2 Ideas for Reaching the Modern Donor Mindset

How is your organization talking to potential donors? If you run a nonprofit, you should already have an answer to this. Your communication style with each potential partner is crucial. This includes how you are reaching out to them, what kind of stories you are telling, and the wording you are using. If your message is not geared toward a modern donor mindset, you could be missing out.

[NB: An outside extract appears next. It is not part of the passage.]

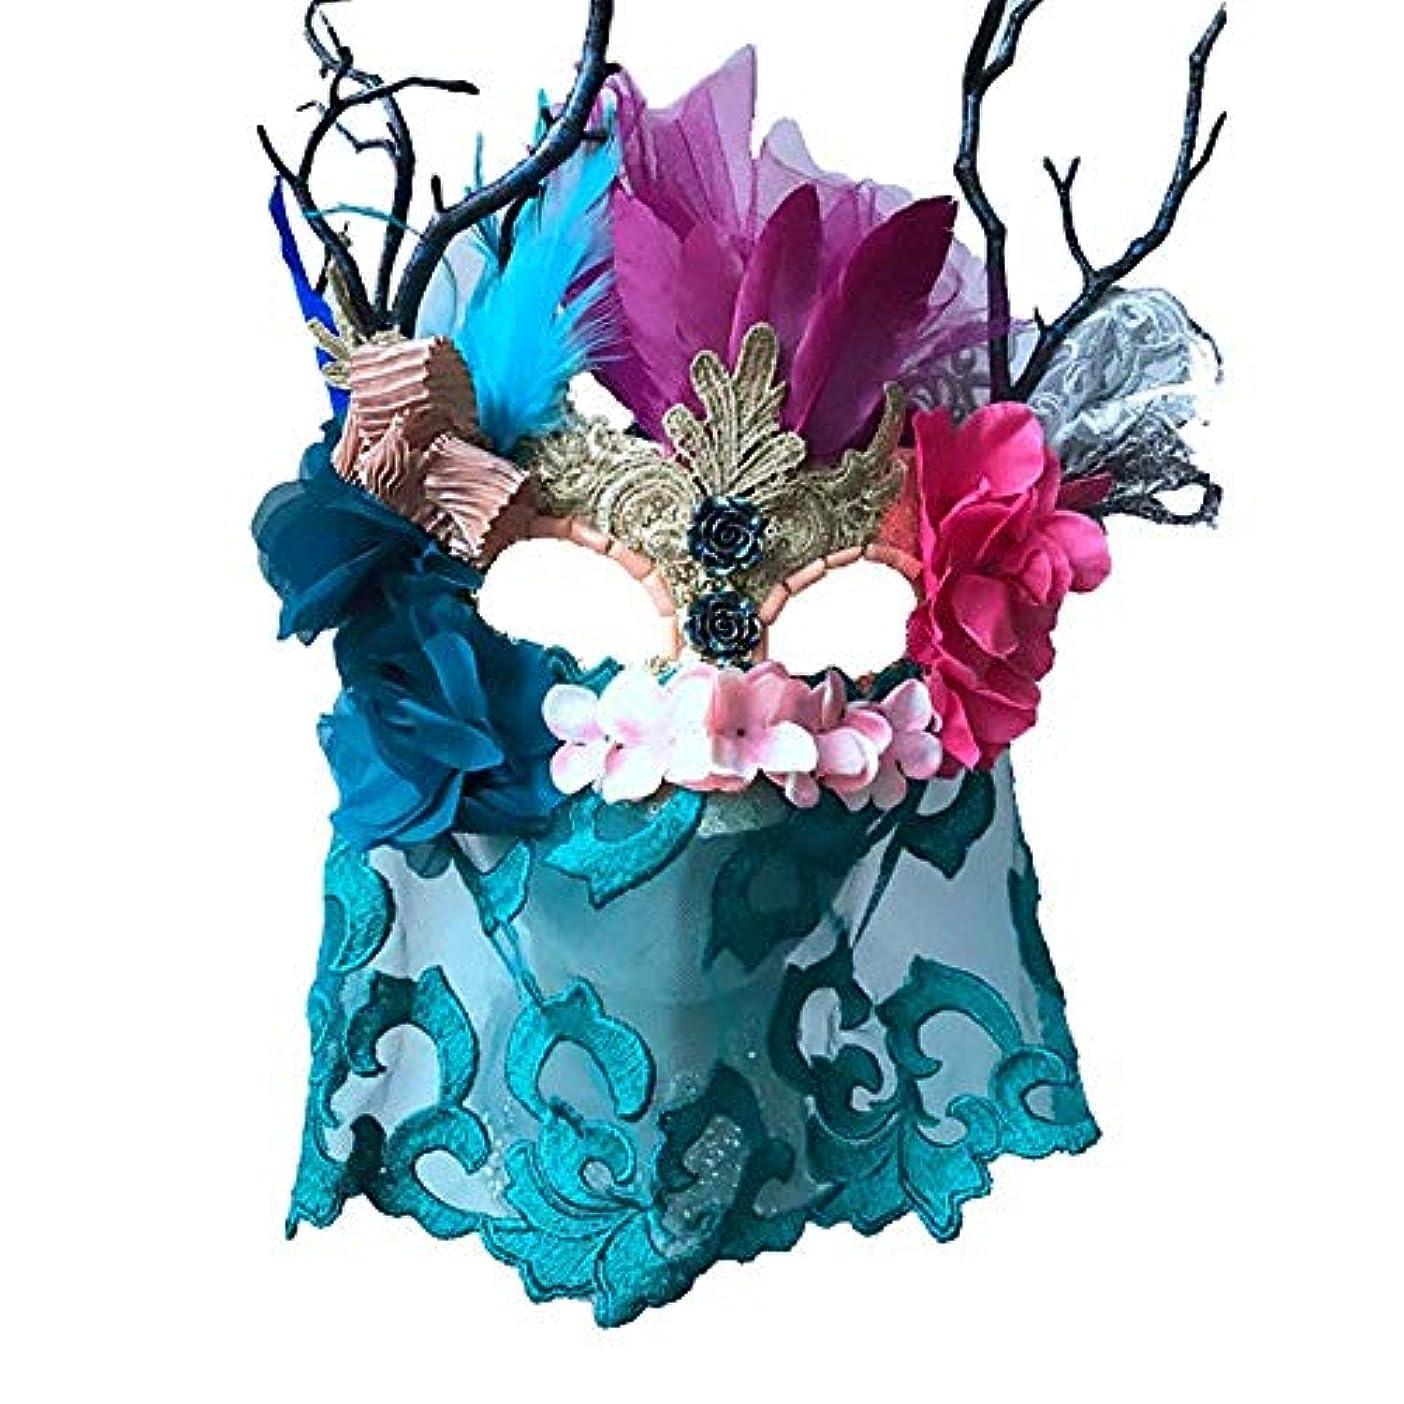 噴水豊かにする人形Nanle ハロウィーンのクリスマスフェザーの乾いた枝ベールの花マスク仮装マスクレディミスプリンセス美しさの祭りデコレーションマスク

Think about emails or letters you receive from other nonprofits asking for donations? Which ones are so predictable you throw them away? Which ones grab your attention? What has motivated you to donate? At Keenly Interactive we have been studying the mindset of the modern donor and have recently noticed two important trends.

Sad Stories Don’t Work

Donor psychology has dramatically changed over the years. One of the major changes? Individuals are less responsive to sad stories.

It reminds me of an antibiotic. Research tells us that if we get sick and use the same antibiotic month after month, our body will build a resistance against it and it will become less effective at fighting illness. You can take the exact same medicine that used to work perfectly, but suddenly it does nothing. The medical community calls this an “antibiotic resistance”, and it reminds me of what I’ve seen with what works for growing donations. I would call it “sad story resistance”.

Over the years, nonprofits learned that a sad story or scary statistic would draw in donations in the short term. Each nonprofit wrote out their sad story was and would share it in more of their marketing pieces: teen pregnancy rates, homelessness, third world poverty, or the reality of addiction. While it was effective, the motivation to donate was “how much do I have to give to make this feeling go away.” On top of that, we’ve also seen such a flood of these sad stories online. You can find a new “Go Fund Me” everyday to support a sick friend of a friend, or a video of the effects of a natural disaster. I’m not suggesting that these people don’t need help. I’m suggesting that it’s not hard to find a sad story, and as such, they don’t command attention.

The quick takeaway? Don’t focus so much on the need; focus on what you’re doing about it, and what will change if the donor chooses to help you.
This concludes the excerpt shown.